I miss school. I miss learning new things every day. I miss standing up in front of a group to explain and diagram and discuss case studies to get a point across. Hell, I even miss pulling all-nighters to study for exams. There was a certain comfort to the routine of school, and that's gone now. Now, one day blends into the next and weeks coalesce and become difficult to distinguish one day or week from the one before.

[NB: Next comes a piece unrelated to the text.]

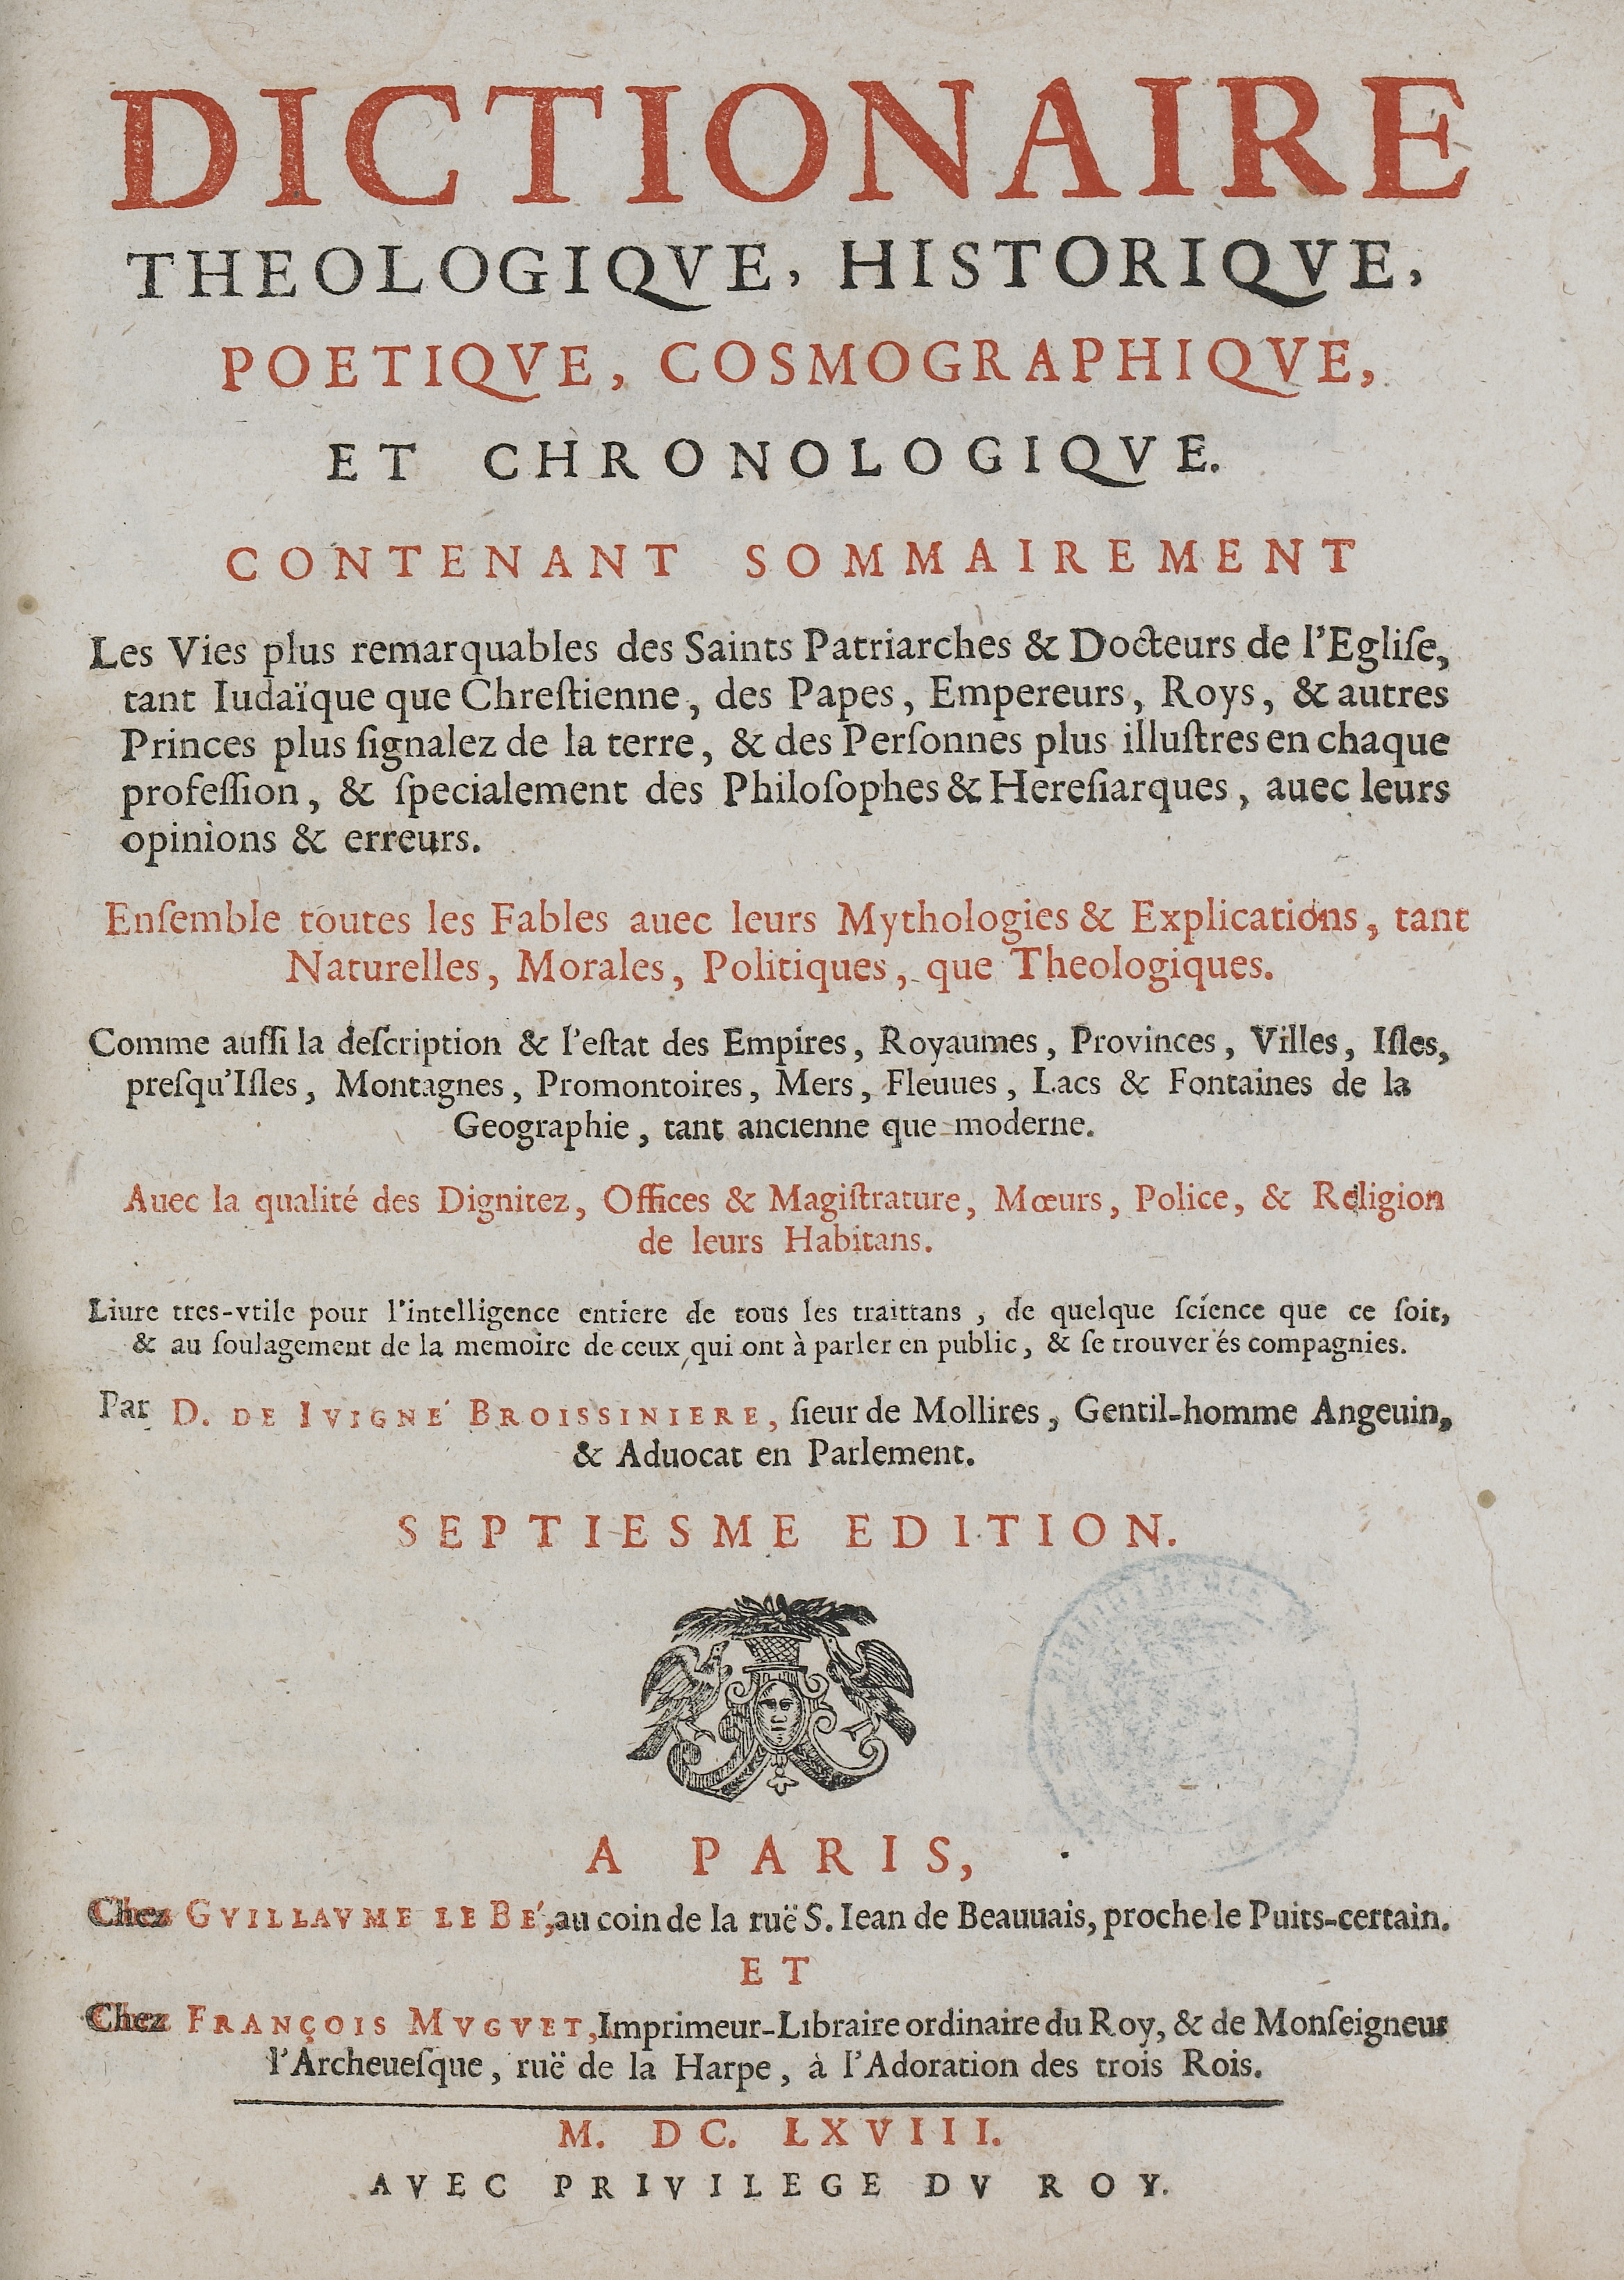 Dictionnaire de Juigné-Broissinière.jpg

My brain literally feels fuzzy. You know that buzz you get when you've had enough drinks to affect how you think? I feel that, all the time. My mind feels slow, like it's slogging through deep mud, or trying to run against a strong wind. I don't like it, and I need to do something about it. I'm searching for a new job to replace DoggieTown and all its mind-numbing uniformity. We finally got Windows 7 installed on my computer, so I'm going back to learning Italian on Rosetta Stone. I think I want to do a little every day, and constantly review what I have already done. But I need more than that. I think, for now, I may resort to reading some of my textbooks that I liked, mostly neurobiology, classics, and maybe nutrition.

I'm trying to be more physically active, too. I've gone running around the neighborhood a few times, usually two miles at a time, and have roller bladed to or from work several times (that's four miles each way!) since getting my blades on Valentine's Day. I don't have access to a gym, and can't afford one at this point in time. Dan's going to see if he can somehow pass me into the ARC (school gym) once or twice a week so I can go to jiu jitsu with him if I want. I'm considering looking up some kind of team sport that I can join, both for the physical activity and the chance to meet people. I found a rock climbing facility not too far from here that's only $60 a month for unlimited wall access, including equipment, so I think I'll give that a try. Maybe I'll get Dan to run down to the beach with me and play down there for a while, too.

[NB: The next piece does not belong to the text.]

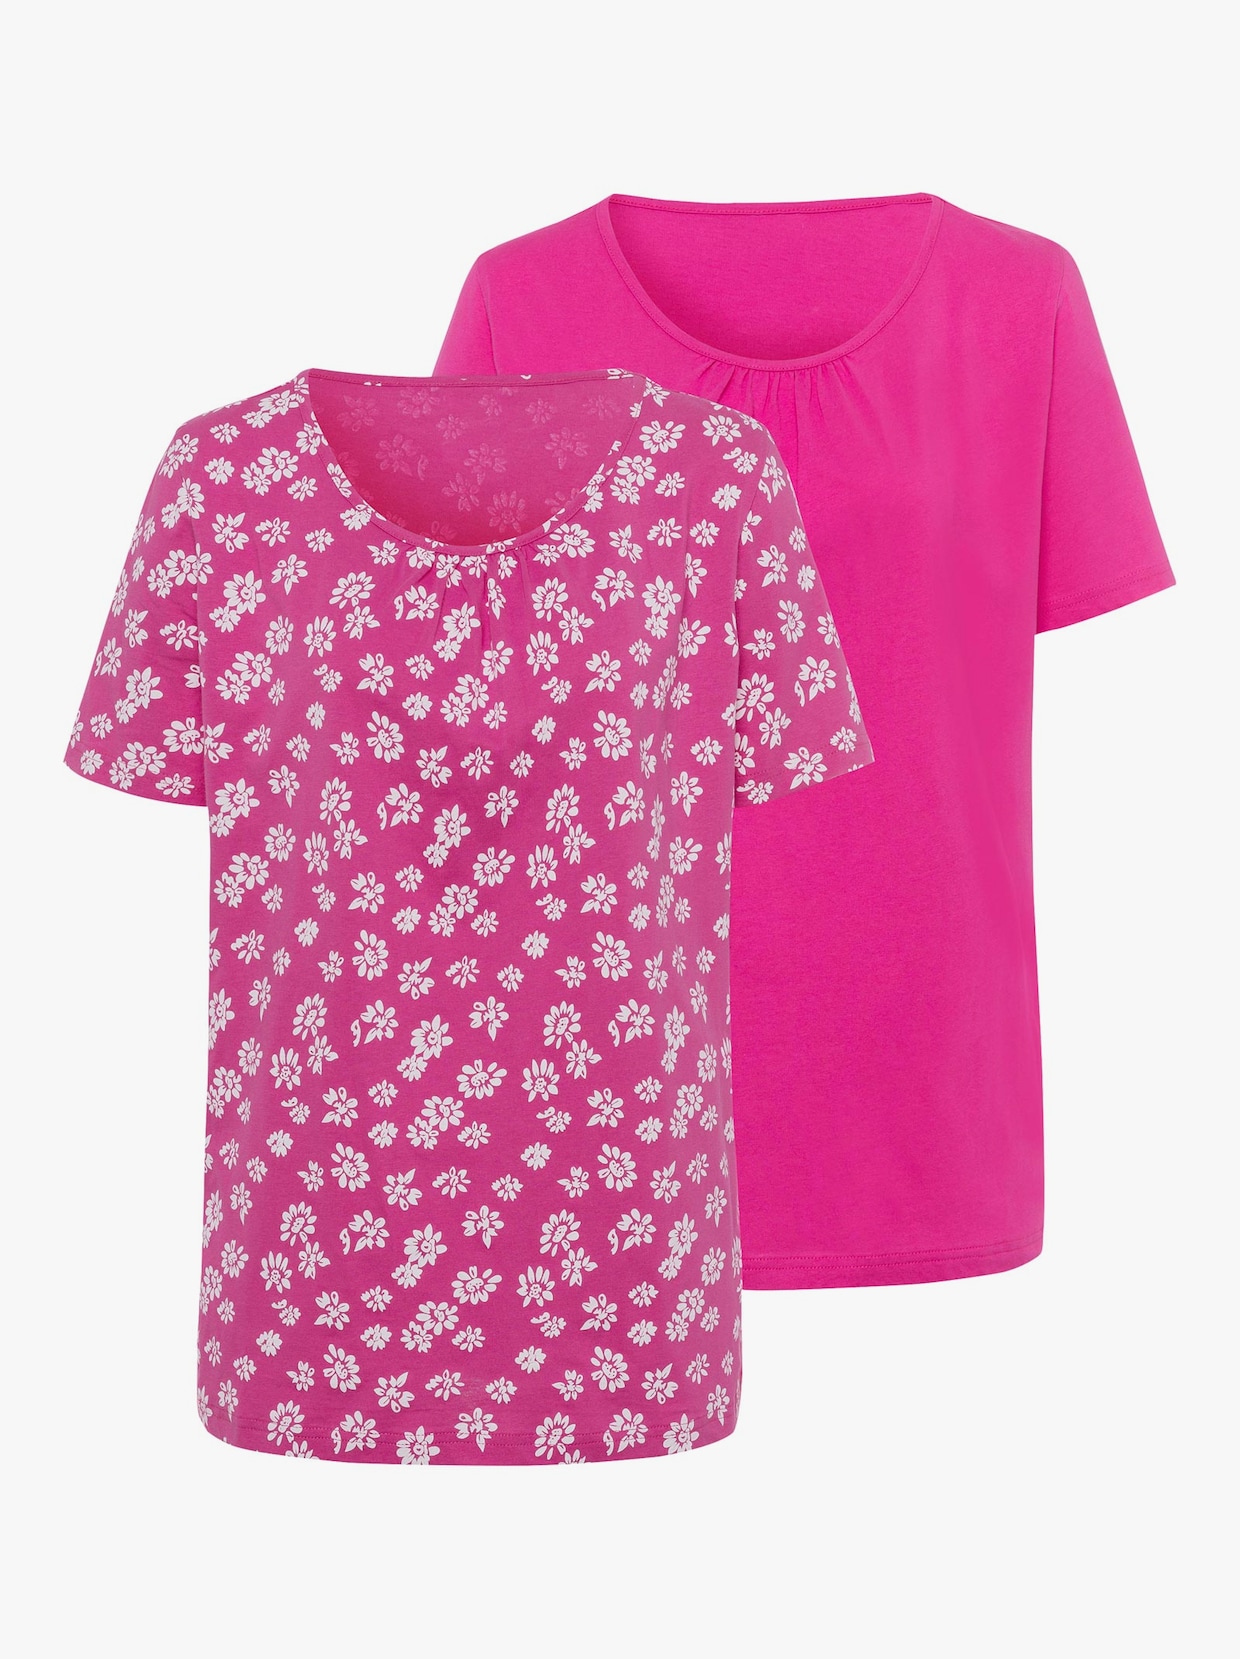 Tričko s krátkým rukávem - pink

I have all of these things that I want to do (that's not even scratching the surface of what I REALLY want), but this mental fog is so difficult to work around. It makes me feel like doing nothing because it's just too hard -- to hard to think, to get up and just DO. I'm hoping that stretching my mental muscle a bit might help me overcome this fuzziness. I want to get into a better, healthier, more fun, more ME routine, because this idling is just killing me.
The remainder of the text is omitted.